To ensure a digital marketing campaign isn’t a one-off, your team must be able to demonstrate its value. Being in financial services, you already know it’ll come down to the numbers. The following can get you started on how to set the stage for success:

  1. Get everyone on the same page.
    Planning a digital marketing campaign is no small feat. Many pieces must come together during its development and execution for the campaign to be a success — chief among them being the team. Not just the marketing team, however. Make sure sales, product, and a host of other stakeholders are on the same page, particularly when it comes to the importance of measuring the campaign. Even if you’ve had multiple brainstorming sessions with these team members, communicate the objectives of the campaign, how it will help deliver on the business strategy, and how you plan to measure success.Though always nice to know, remember that clicks, likes, followers, and impressions are nothing more than vanity metrics. Marketing will need something more tangible than this to secure funding for the campaign. Confirm that all team members have come to a consensus on the success metrics tied to the overarching strategy and sales numbers, such as accounts opened, loans purchased, and so on. Additionally, limit the number of metrics used to keep it manageable.
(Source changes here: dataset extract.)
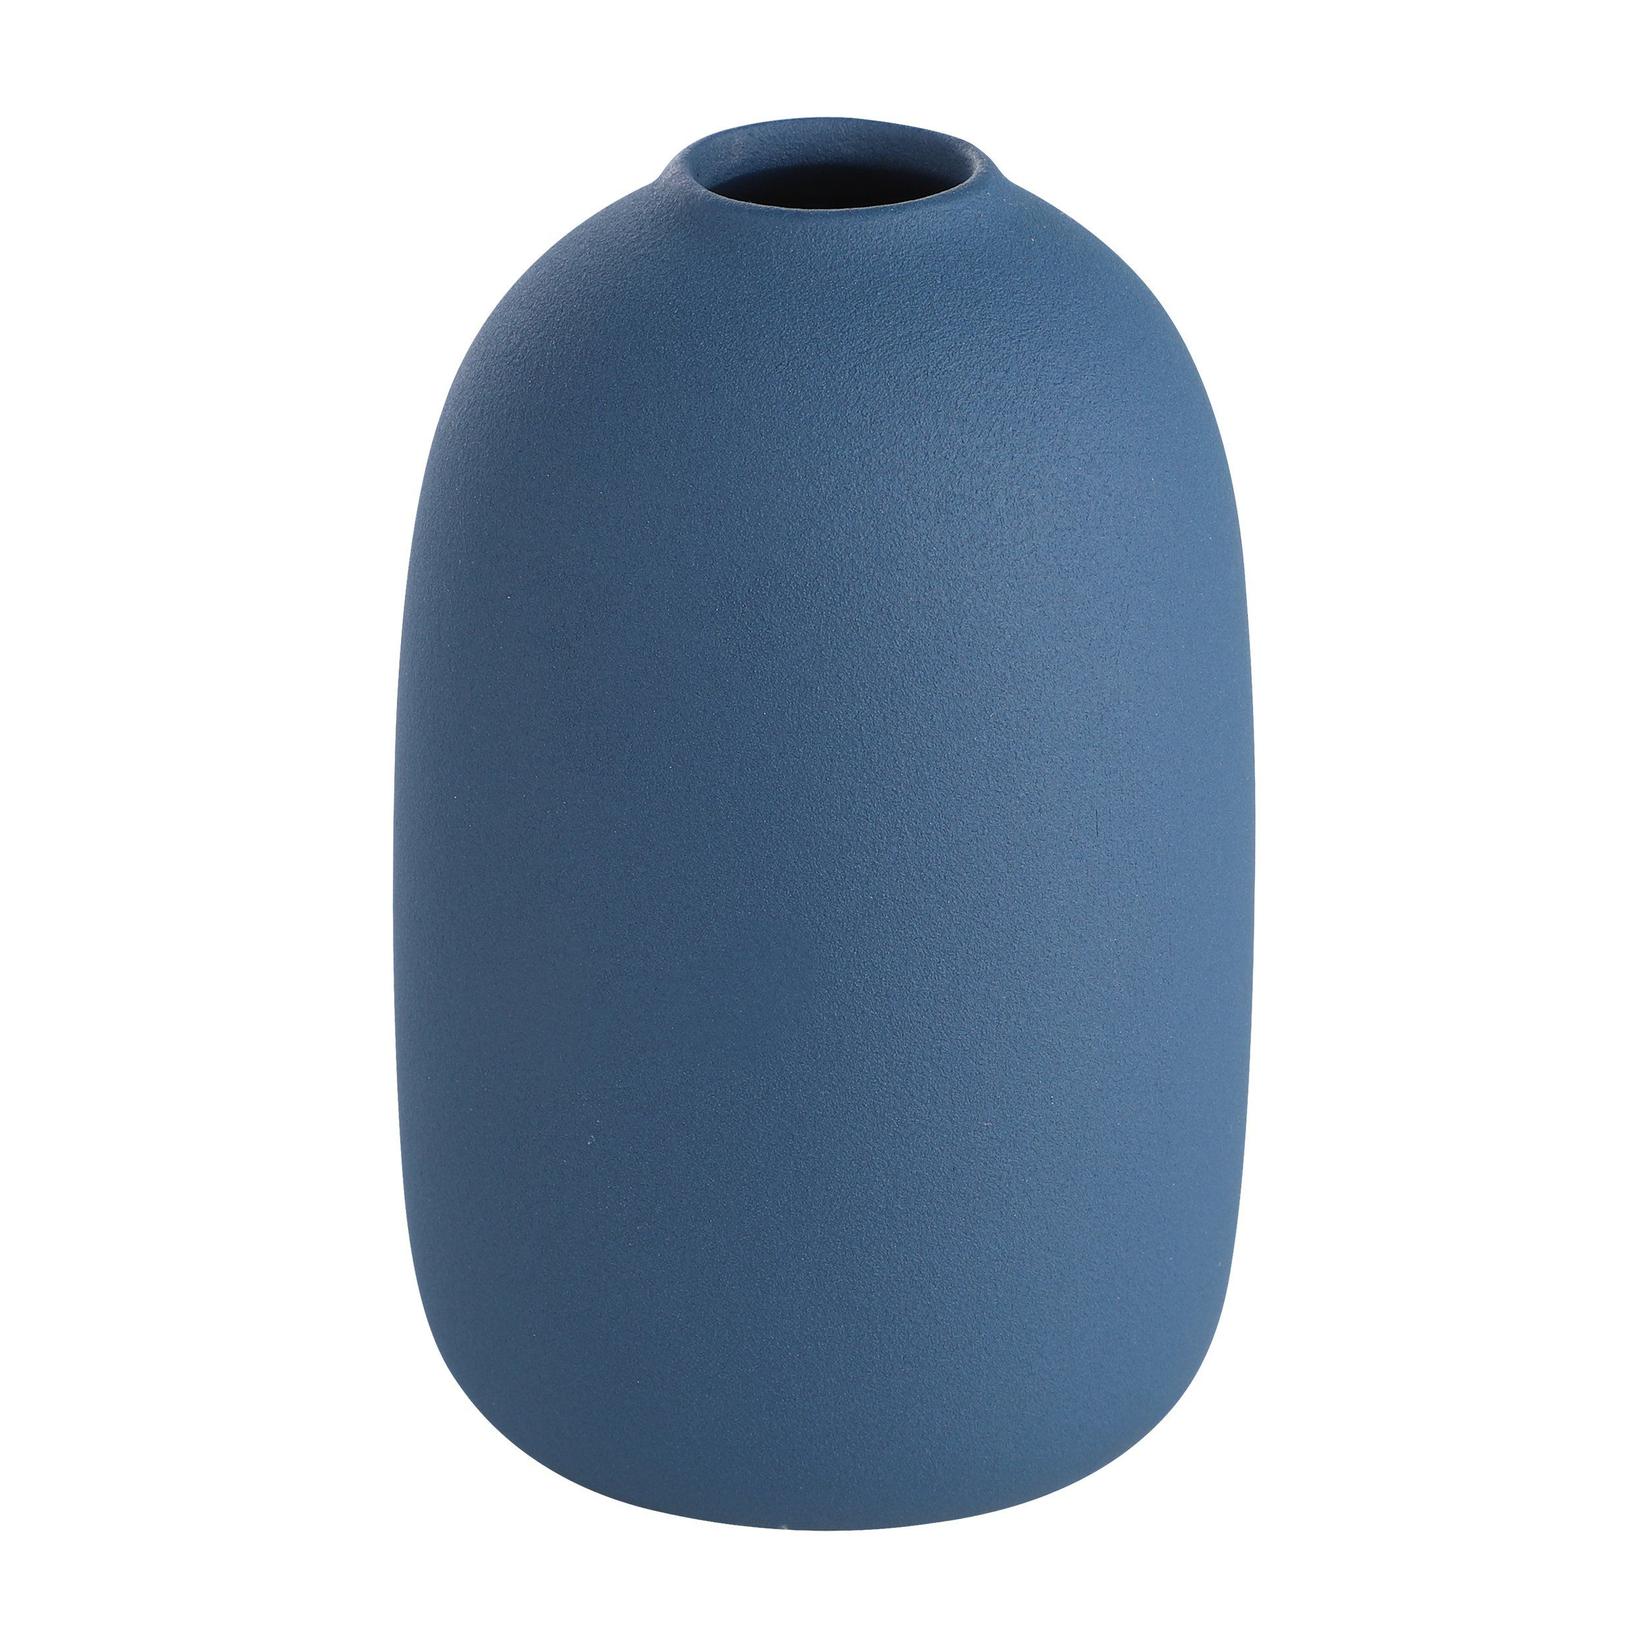 EGLO Keramička vaza Anjabe plava

A few meaningful metrics, such as conversion, will often provide more value to your organization than dozens that place optics over performance.
  2. Discuss tracking and coding.
    Settling on the metrics is one thing. Capturing the necessary data points is another. There are a number of different tags or codes — also referred to as parameters — you can use to monitor and track the effectiveness of a digital marketing campaign. If you don’t have a team internally, you may need to discuss your options with a digital partner to determine the best type of tracking and coding, as well as the length of time to gather data, based on your chosen success metrics.Just make sure the tracking is done across the entire buyer journey to monitor all digital interactions and get a clearer picture of your target audience. Perhaps consumers fall off at a particular touchpoint or channel. Maybe there’s an unknown gap between online and offline interactions. When inputting a UTM code, it must track all the way through to the point of sale. Otherwise, you never know where exactly to focus additional resources to eliminate any friction along the path to purchase.
  3. Implement a formal reporting process.Though this should go without saying, the reporting process involves a series of different activities to convert raw data into any sort of useful or digestible format. Centralizing the data is key, as it will improve your reporting capabilities. Oftentimes, companies use a single system to store and analyze the information.

From a reporting standpoint, your marketing team will need another team — either internal or external — to manage the data collection and aggregation, as well as to help interpret the performance results. Also, consider establishing a set reporting schedule and how you’d like to see the data. The information will be simple to use if it’s in an unambiguous, easy-to-understand format.

Conversion is often the metric overlooked. Without this number, you just have clicks, and this doesn’t tell anyone anything about sales. Tracking conversions, whether accounts opened or loans applied for, will allow you to tweak your strategy according to where the majority of the movement is coming from. This will also allow you to invest your team’s time and your budget more strategically and efficiently — if not get more money for your next digital marketing campaign.

In other words, don’t let this opportunity pass you by. If you’re not tracking the right metrics or reporting in the right way, your marketing team will be back to direct mail campaigns in no time. And what’s the fun it that?